An attorney writing on the JD Supra legal website says it’s not just the imagination of oil and gas drillers in the Marcellus Shale region—the federal Environmental Protection Agency (EPA) really is out to get them. He proceeds to use statistics to show the rapid escalation in citations coming from the EPA since 2010.
A simple Google search of “EPA III Enforcement” and a click on the “Natural Gas Extraction/Marcellus Shale” link at the EPA Region III website should cause any company concern.
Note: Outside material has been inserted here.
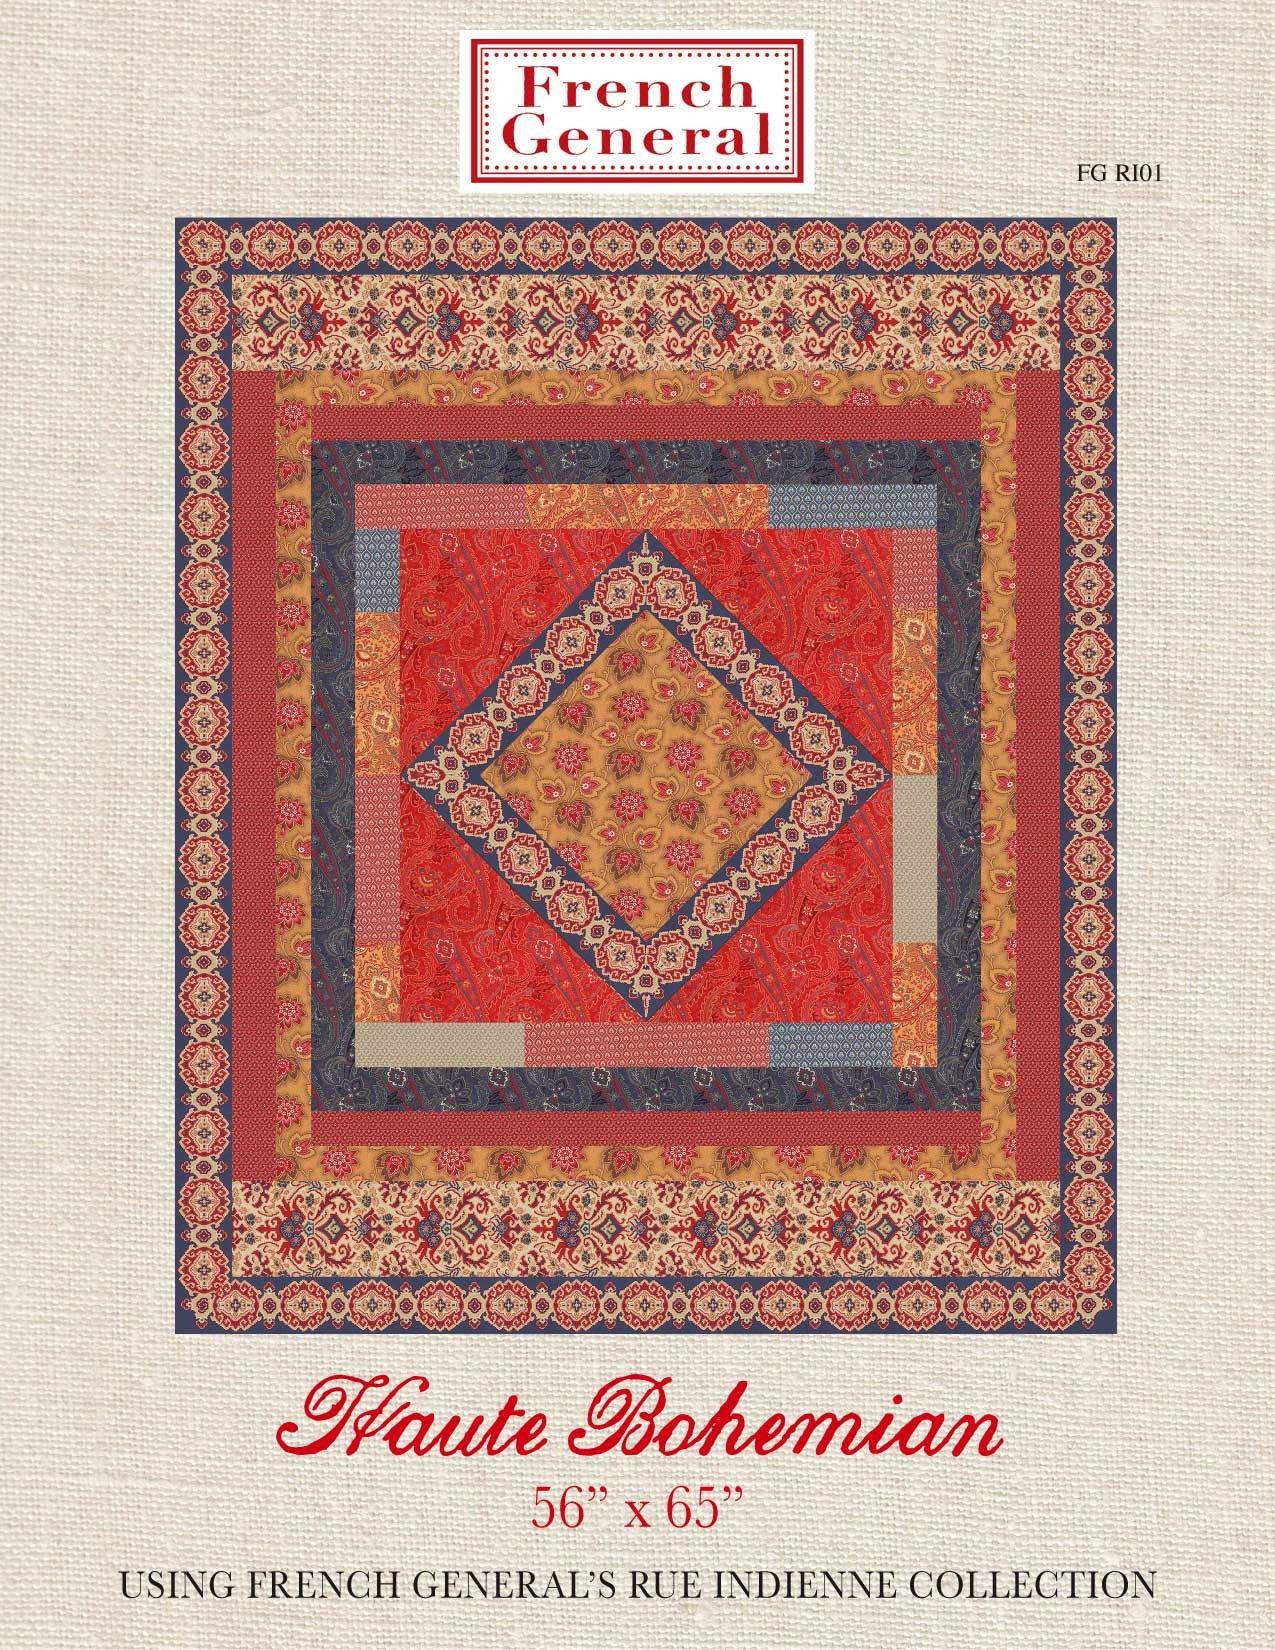 rue indienne haute bohemian quilt pattern

The site lists 27 administrative orders issued for alleged violations of Section 404 of the Clean Water Act (all in West Virginia), 16 Section 308 requests to natural gas drillers and publicly owned treatment works that were accepting “oil and gas wastewater”, 13 additional administrative orders and information requests under § 309 of the CWA to facilities accepting wastewater from Marcellus Shale drilling operations, and extensive effluent sampling data provided by POTWs as a result of EPA’s information requests. Outside EPA Region III, the United States Department of Justice recently announced a major settlement with a midstream natural gas company requiring payment of a $4 million penalty, removal of certain equipment and installation of additional pollution control devices related to alleged violations of the Clean Air Act (“CAA”). EPA’s enforcement initiative is certainly a multifaceted attack by land, water and air.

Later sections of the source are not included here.